Requirements for Participation
The PGIP Agreement defines a Physician Organization as "a [legal designation] whose members are licensed to practice medicine in the state of Michigan and who are in good standing with both Blue Cross Blue Shield of Michigan's PPO TRUST and Traditional Networks."
A PO selected for PGIP participation must:
- Have 75 or more TRUST panel or Traditional providers, 50 of whom must be practicing as primary care providers (for instance Internal Medicine, Pediatrics, Family Practice, and General Practice).
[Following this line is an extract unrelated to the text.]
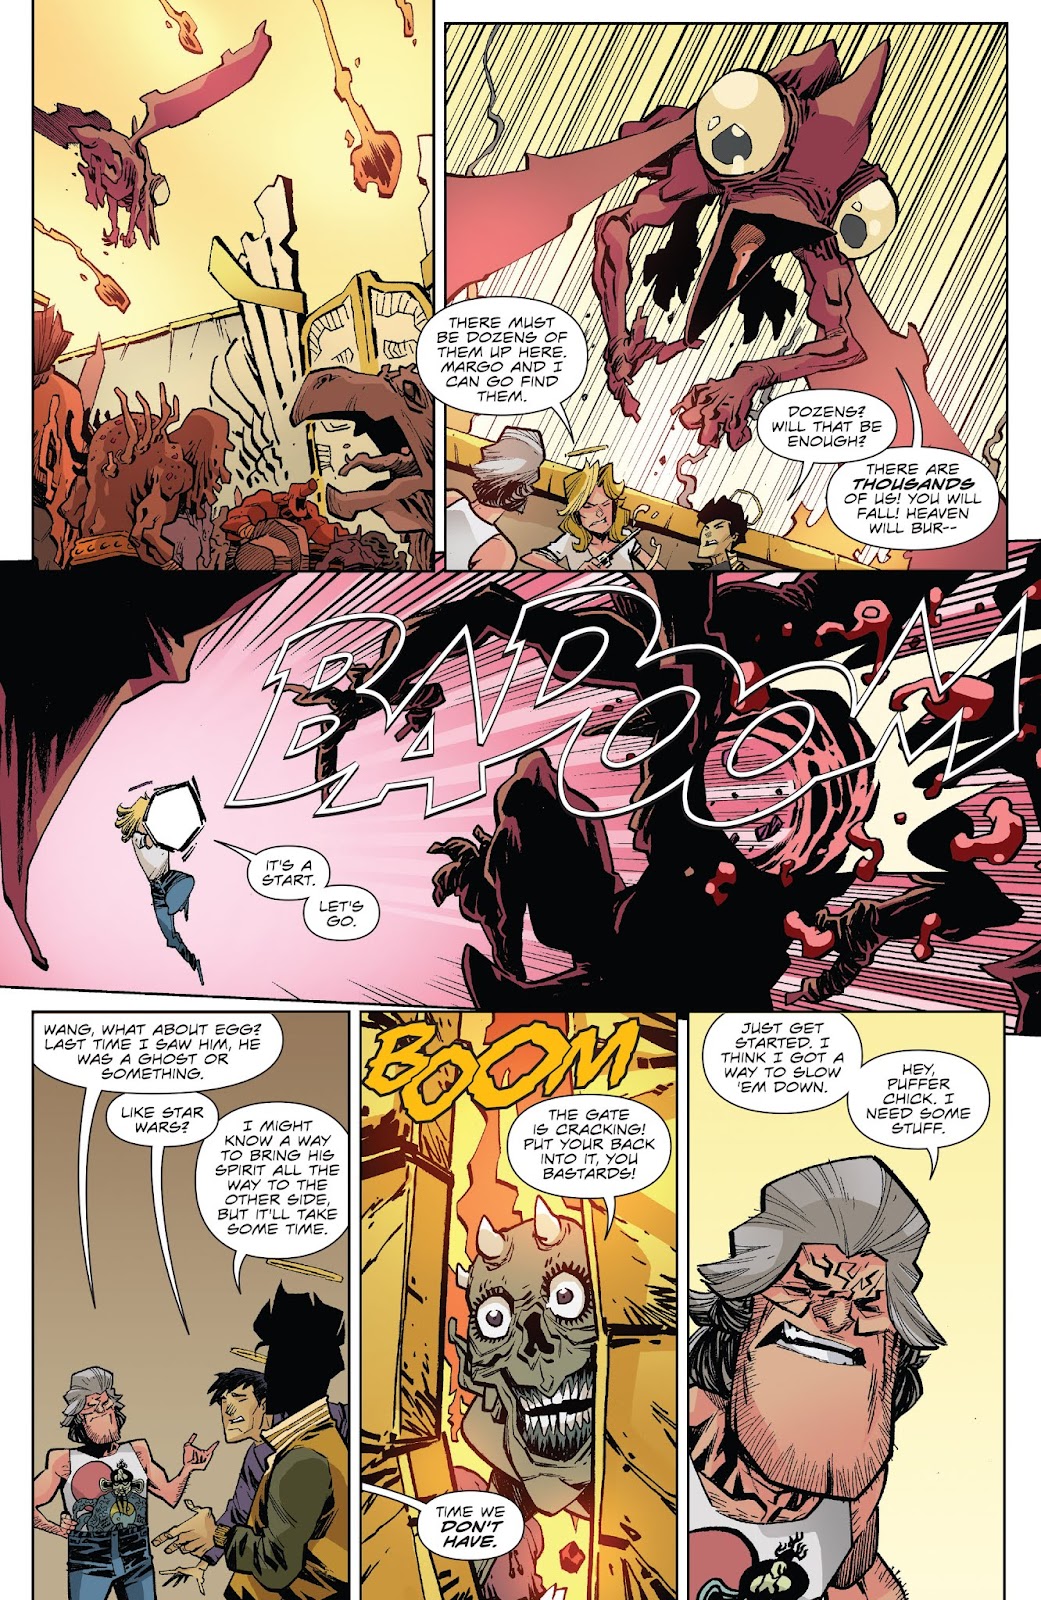 Big Trouble in Little China: Old Man Jack issue 11 - Page 11

A PGIP physician can be a member of only one PGIP PO during any given time period.
- Be a partnership, association, corporation, individual practice association or other legal entity which has its own Tax ID, can receive and distribute income among the PO's members and has contractual authority to represent its providers for this program
- Is able to coordinate and facilitate practice improvements and program administration on behalf of its members.
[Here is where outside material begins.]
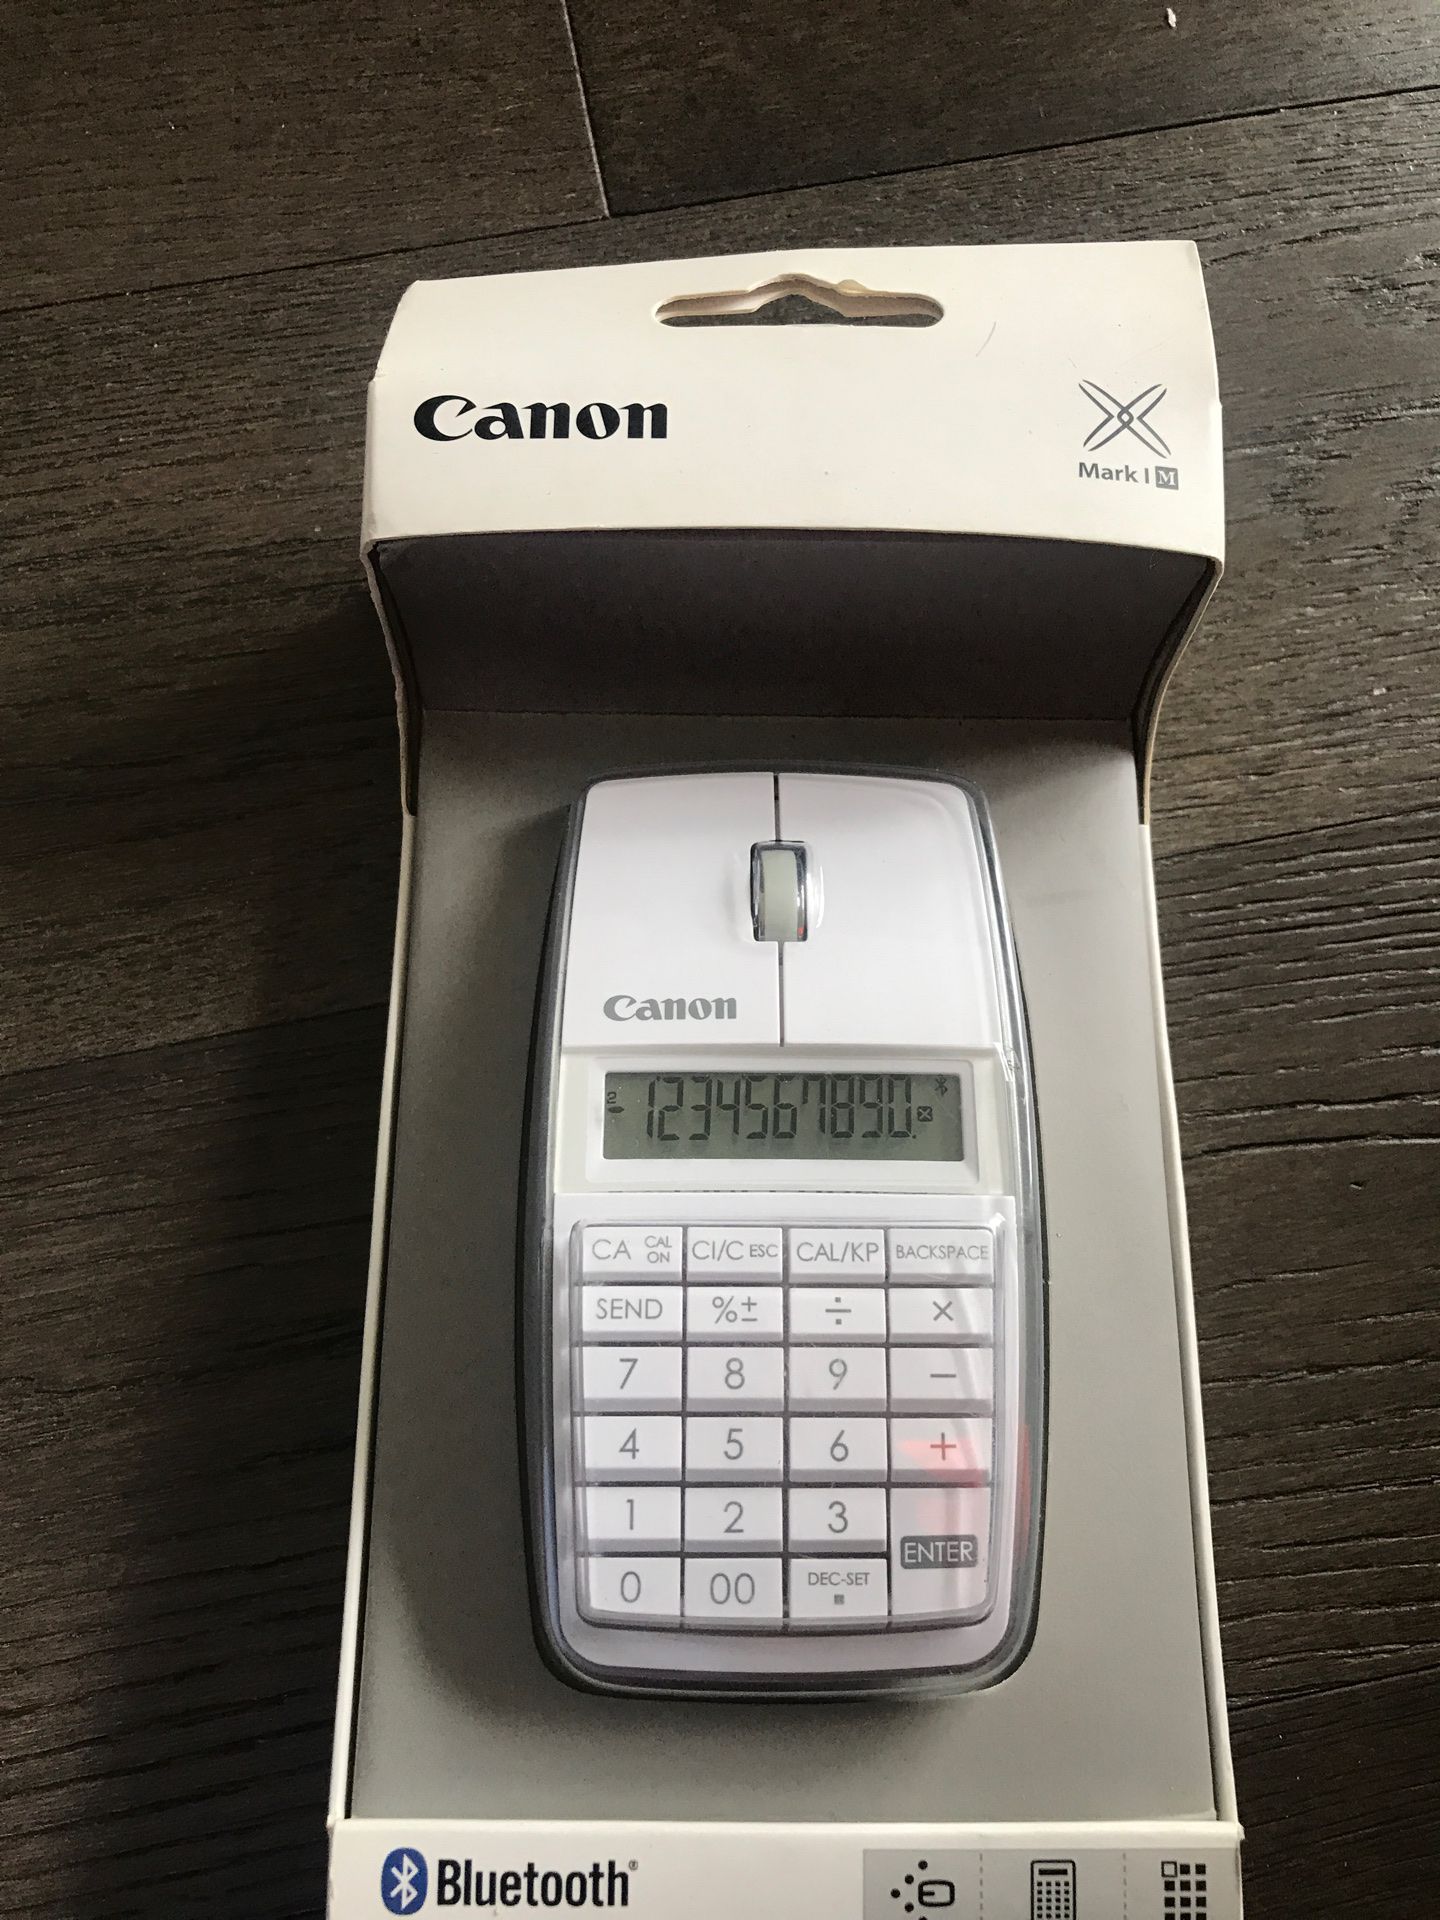 Brando in the box canon three in one wireless mouse calculator keypad as well

- Meet and continue to comply with the PGIP program standards (which are subject to change), the Physician Group Incentive Program Agreement (which includes data-sharing guidelines), and Blue Cross Blue Shield of Michigan's policies and procedures.
A Physician Organization is considered to be "participating in PGIP" after Blue Cross Blue Shield of Michigan has:
- Received and reviewed the PO's application materials (including the PGIP physician list, a signed PGIP Agreement, a signed W9 and completed and signed Automated Clearing House form
- Sent final approval for PGIP participation (this will include a welcome letter from Blue Cross Blue Shield of Michigan and copy of a counter-signed PGIP Agreement)
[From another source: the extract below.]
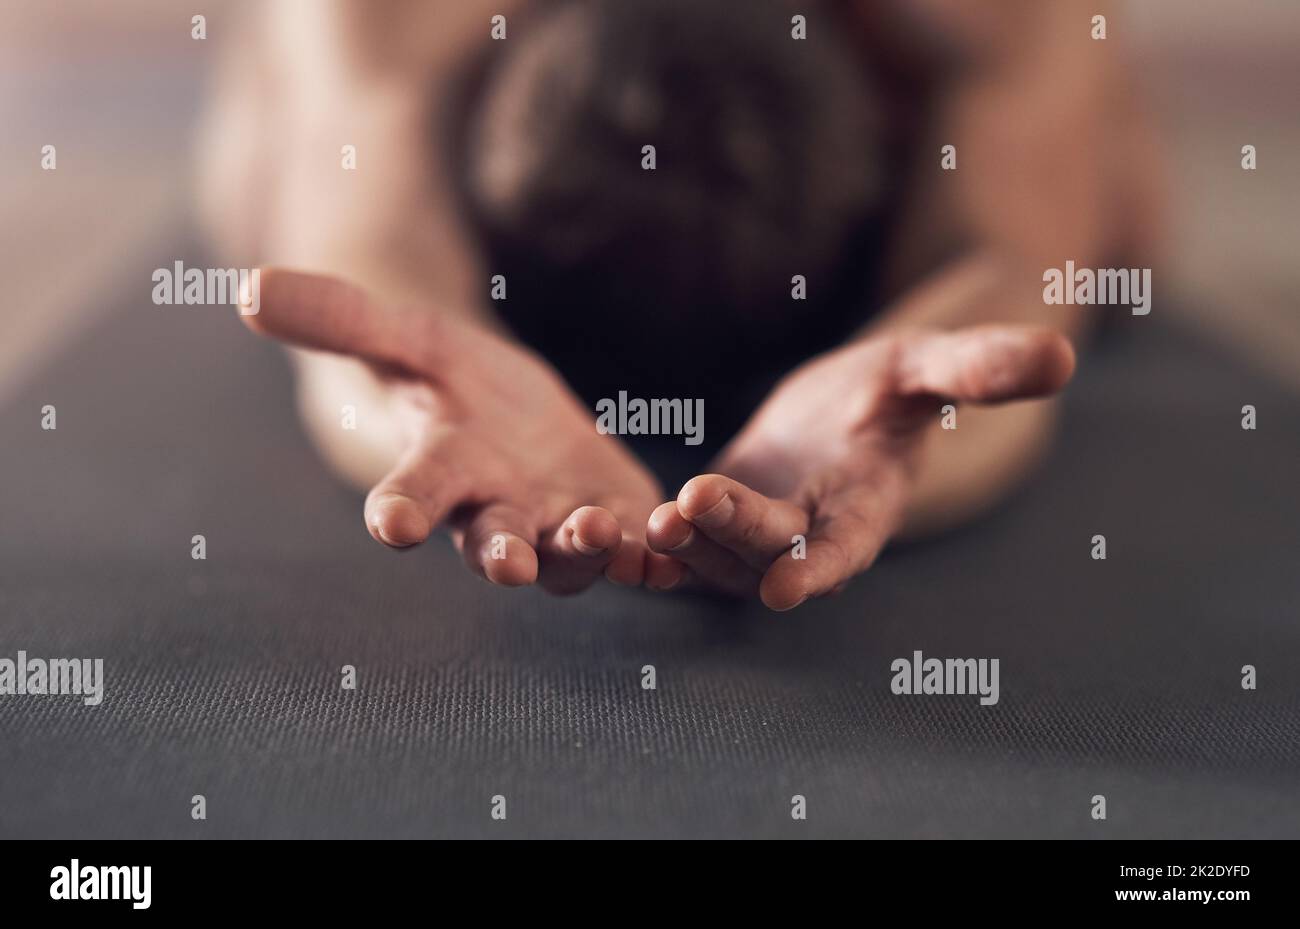 I surrender myself to the zen. Shot of an unrecognizable man stretching and practicing yoga indoors. Stock Photo

A PO is considered a new PO if:
The majority (51 percent or more) of its member providers were not enrolled in PGIP during the time period preceding the new PO application submission, or as determined by Blue Cross Blue Shield of Michigan.
A PO is considered a "splinter" PO if:
The PO is formed from parts of existing POs. A PO is considered a "splinter" PO if 50 percent or more of its member providers were enrolled in PGIP with other POs during the time period preceding the PO application submission, or as determined by Blue Cross Blue Shield of Michigan.
Splinter POs applying for PGIP are required to meet the following expectations:
- Ensure that all POs from which the splinter PO is formed are aware of the change in their organization(s) as well as the splinter POs intent to apply for participation in PGIP.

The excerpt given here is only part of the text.